Al final, las previsiones de las novelas de ciencia-ficción de los años cincuenta y sesenta no se han cumplido, y hoy por hoy la presencia de una comunidad permanente de personas en la Luna es una quimera. Sobre todo, por razones de rentabilidad, pero también porque buena parte de la información útil que puede obtenerse en nuestro satélite puede conseguirse sin la presencia in situ de terrícolas.
Pero eso no estaba tan claro el 21 de julio de 1969, cuando por primera vez un ser humano puso un pie en ella: "Un pequeño paso para un hombre, pero un gran paso para la Humanidad", dijo entonces Neil Armstrong ante cientos de millones de televidentes atentos al acontecimiento.
Así que entonces se planteó una cuestión que hoy es una simple curiosidad, pero que tendría sentido si en el futuro hubiese bases estables de la NASA u otra agencias espaciales en la Luna.
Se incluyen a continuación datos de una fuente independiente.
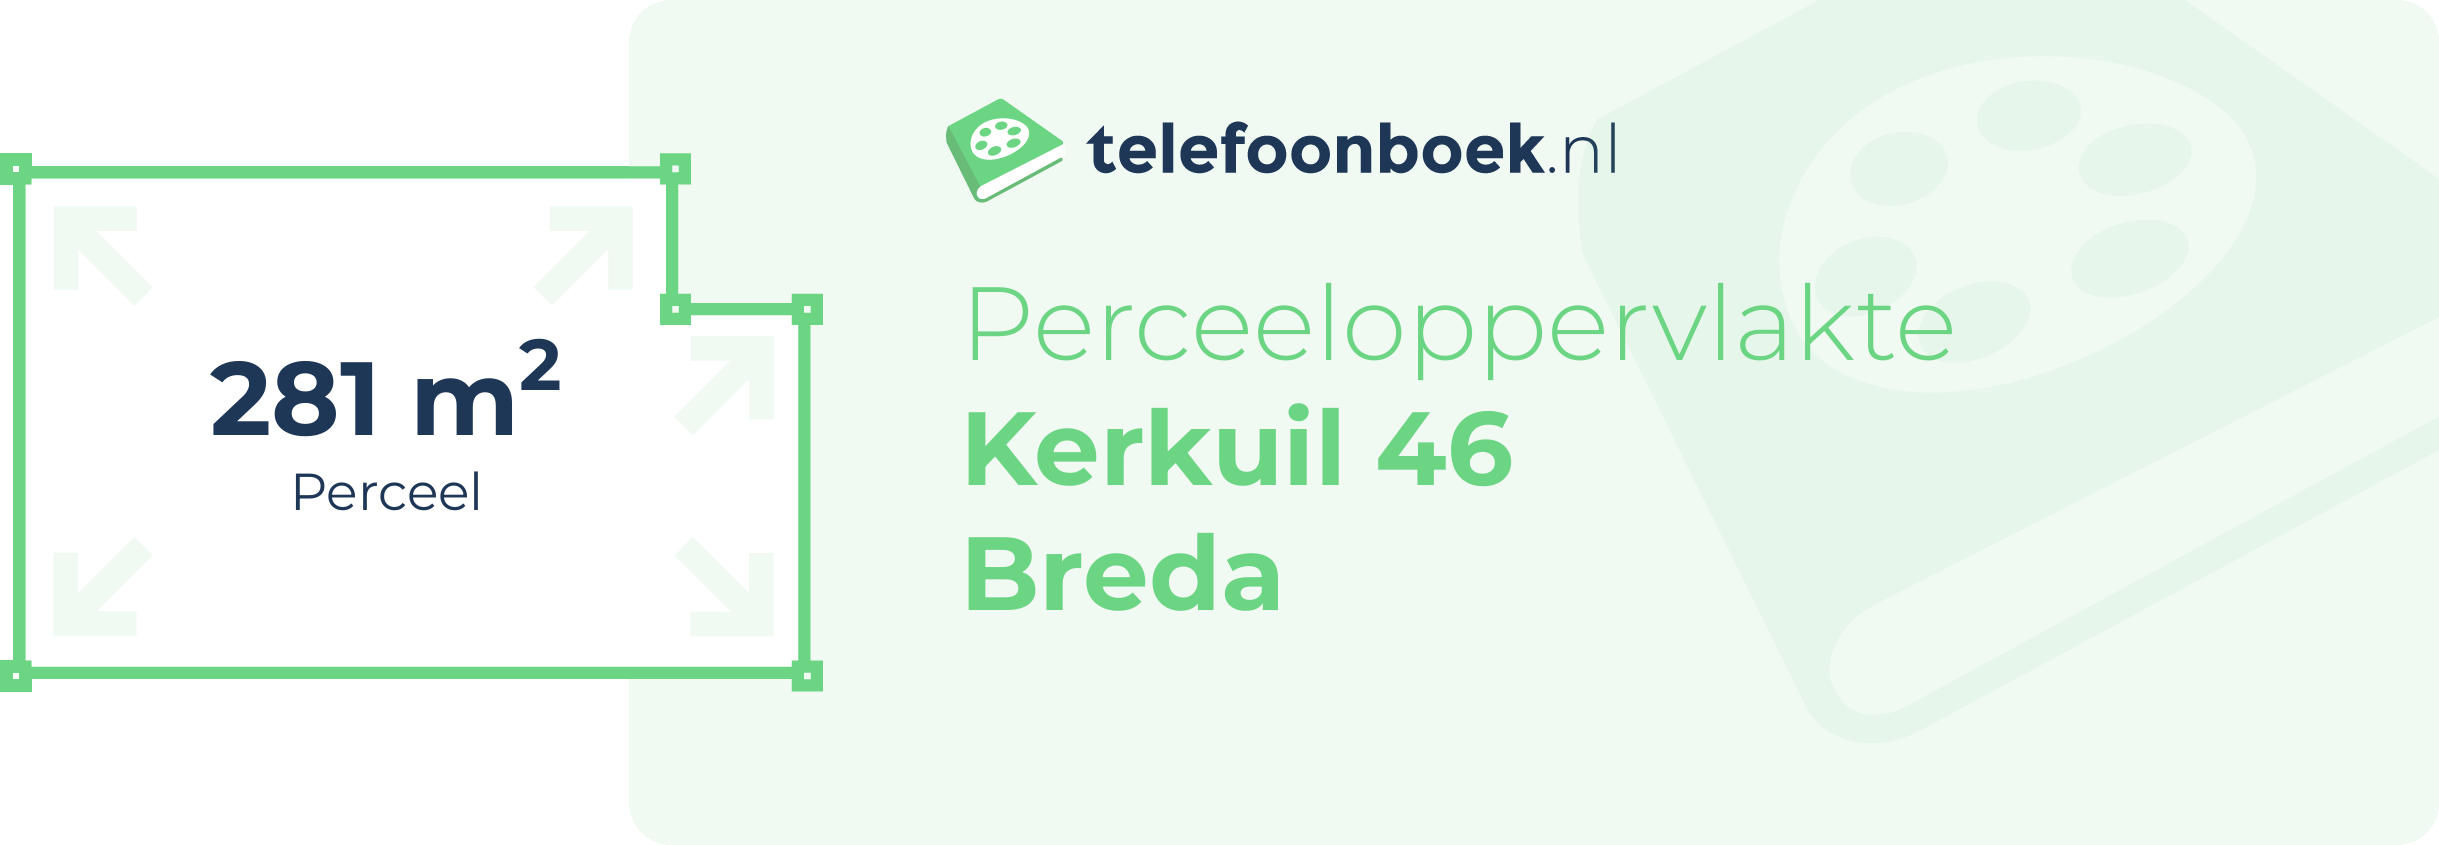 Perceeloppervlakte Kerkuil 46 Breda

Y que guarda parangón con el momento del Descubrimiento de América y la creación de nuevas diócesis en las inexploradas Indias.
Pues bien, el obispo de la Luna es (fue) William Borders (1913-2010), que fue el primer titular de la diócesis de Orlando (Florida), creada el 2 de mayo de 1968. La gobernó hasta 1974, en que fue trasladado a la diócesis de Baltimore. Para entonces ya estaba claro que lo de circular por territorio selenita tenía una relación coste-beneficio inasumible, más allá de sus carga simbólica.
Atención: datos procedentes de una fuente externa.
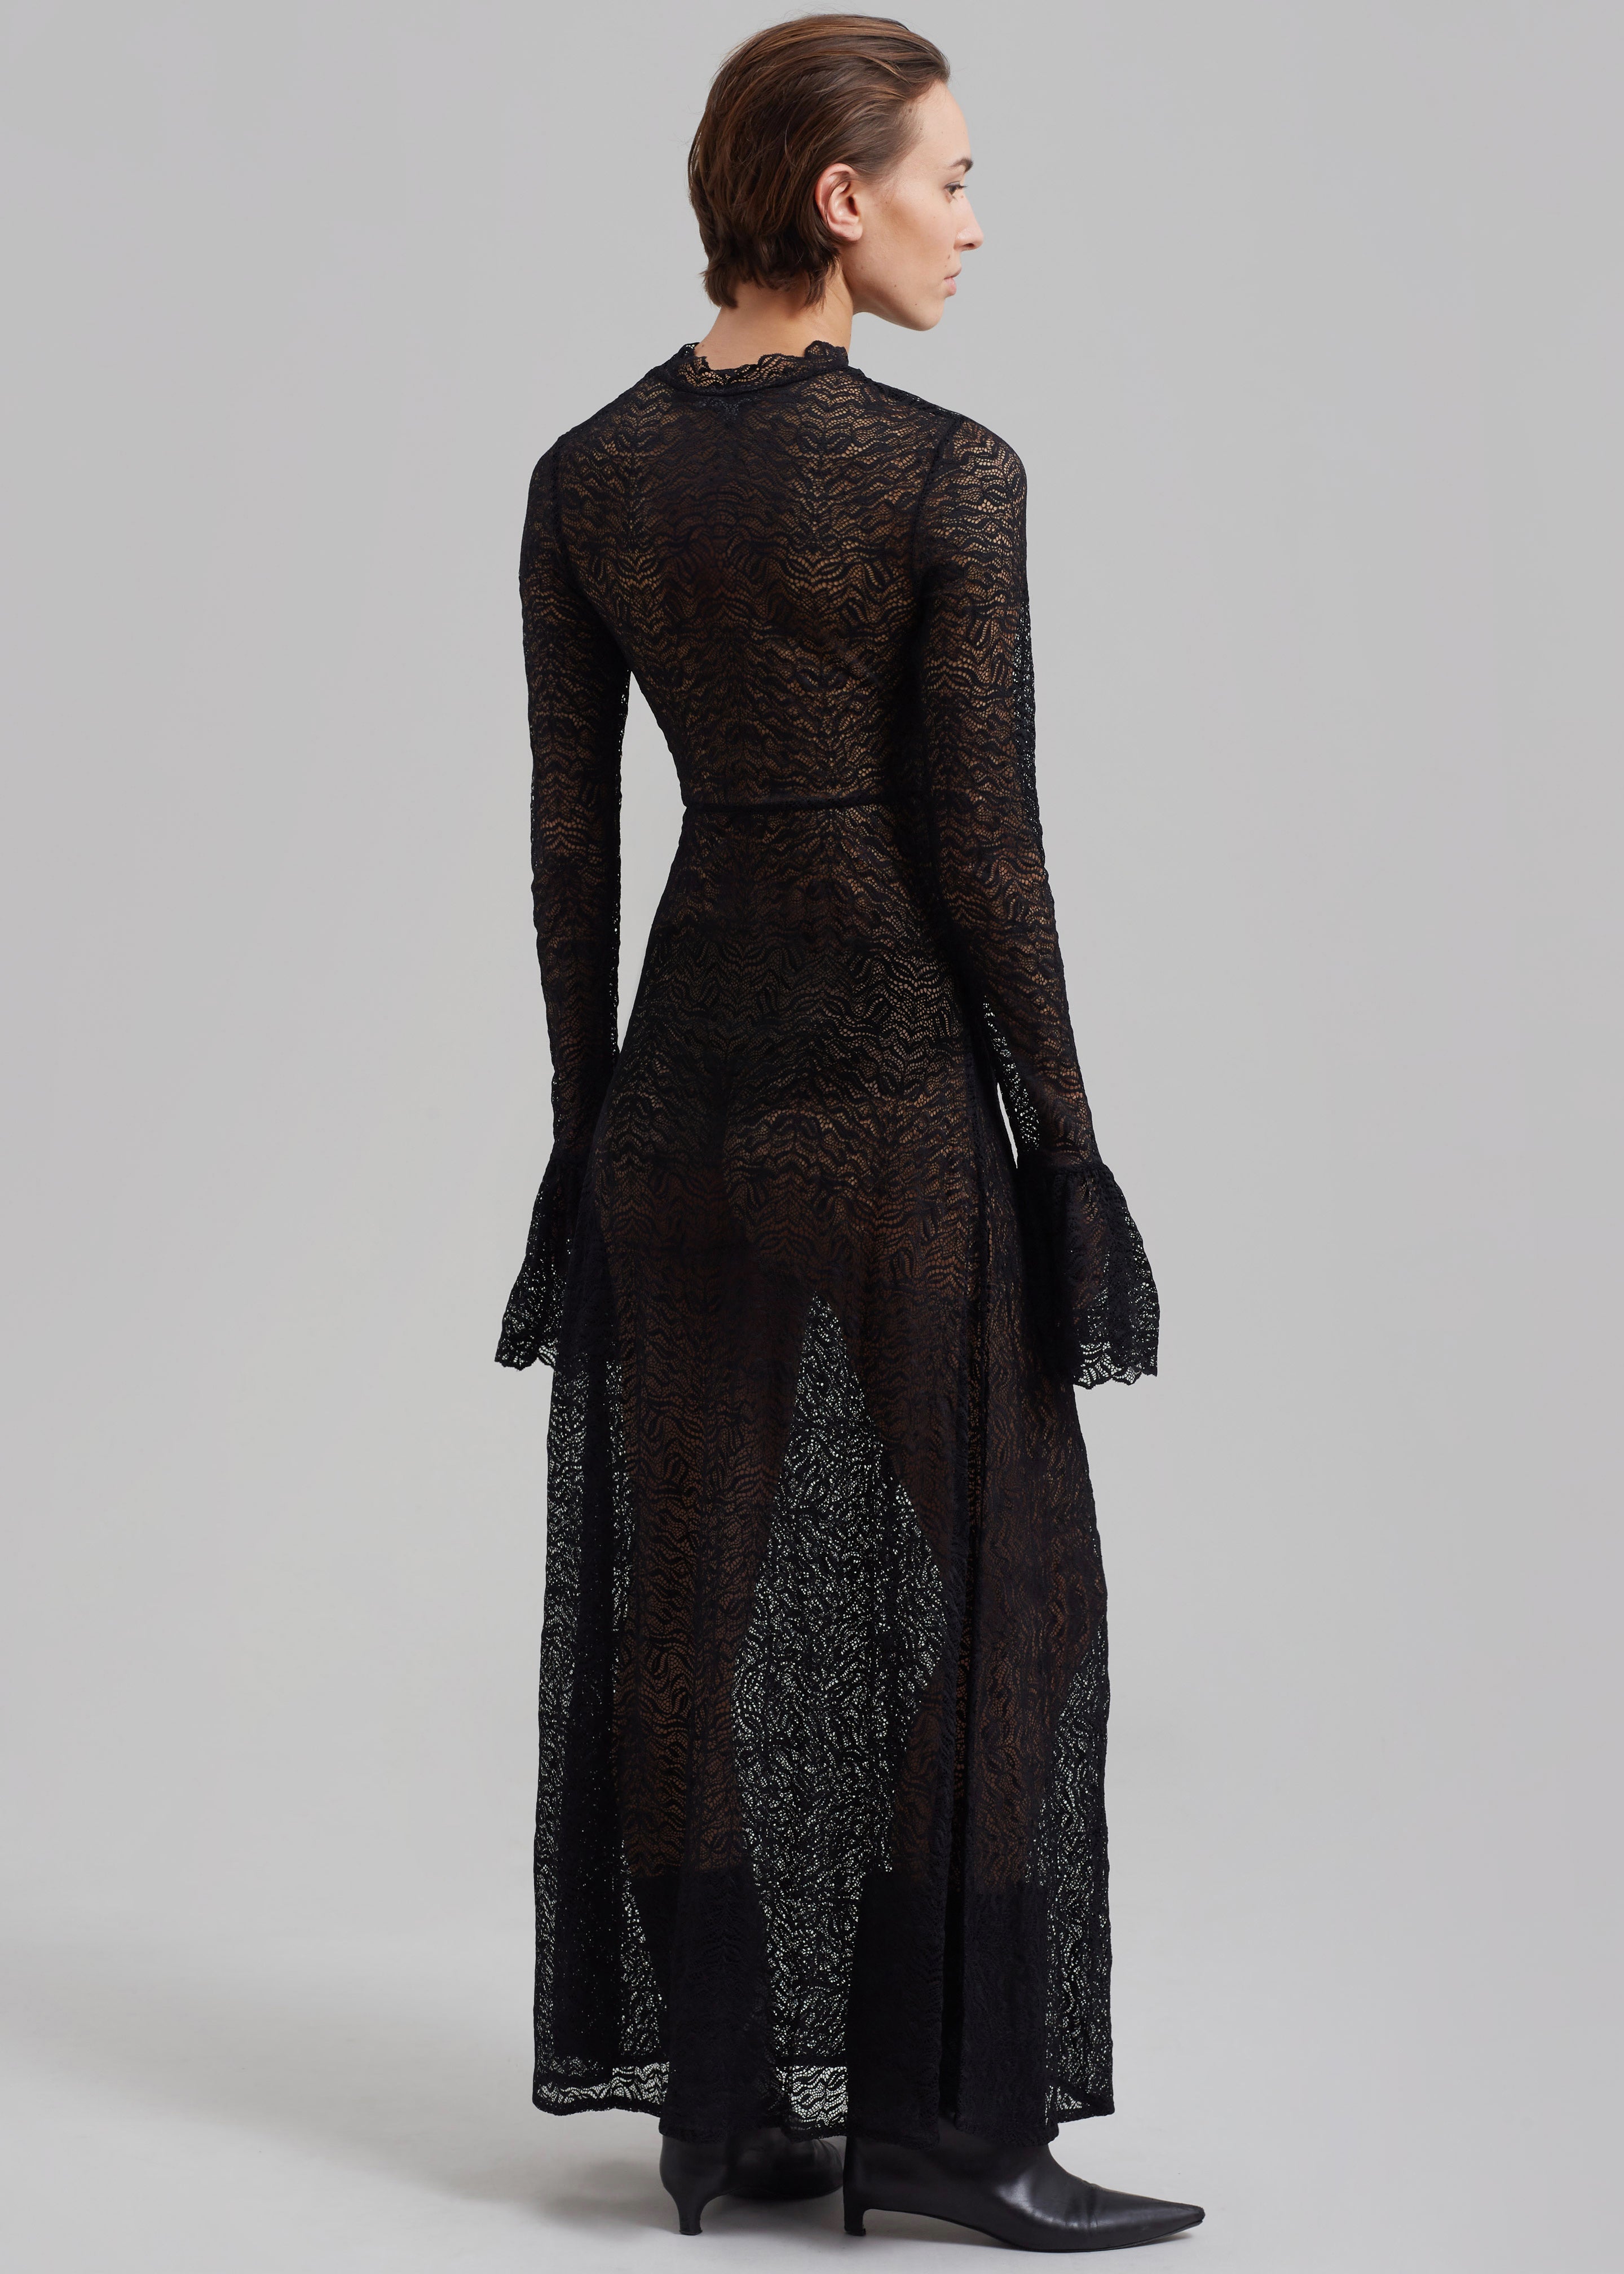 Beaufille Emmeline Dress - Black - 8

Fue el mismo Borders quien lanzó ante Pablo VI, durante una visita ad limina, la idea: "¿Sabe, Santidad?", le dijo: "Yo soy el obispo de la Luna". Y lo justificaba con el Derecho Canónico en la mano: mientras no se crease allí una diócesis propia -algo que, por supuesto, sólo correspondía al Papa-, la jurisdicción sobre los territorios explorados le correspondía al titular de la diócesis de partida. Y Cabo Cañaveral, de donde salió el Apolo 11, formaba parte de la suya.
No había católicos que regir, pero ¿por qué quitarle esa satisfacción?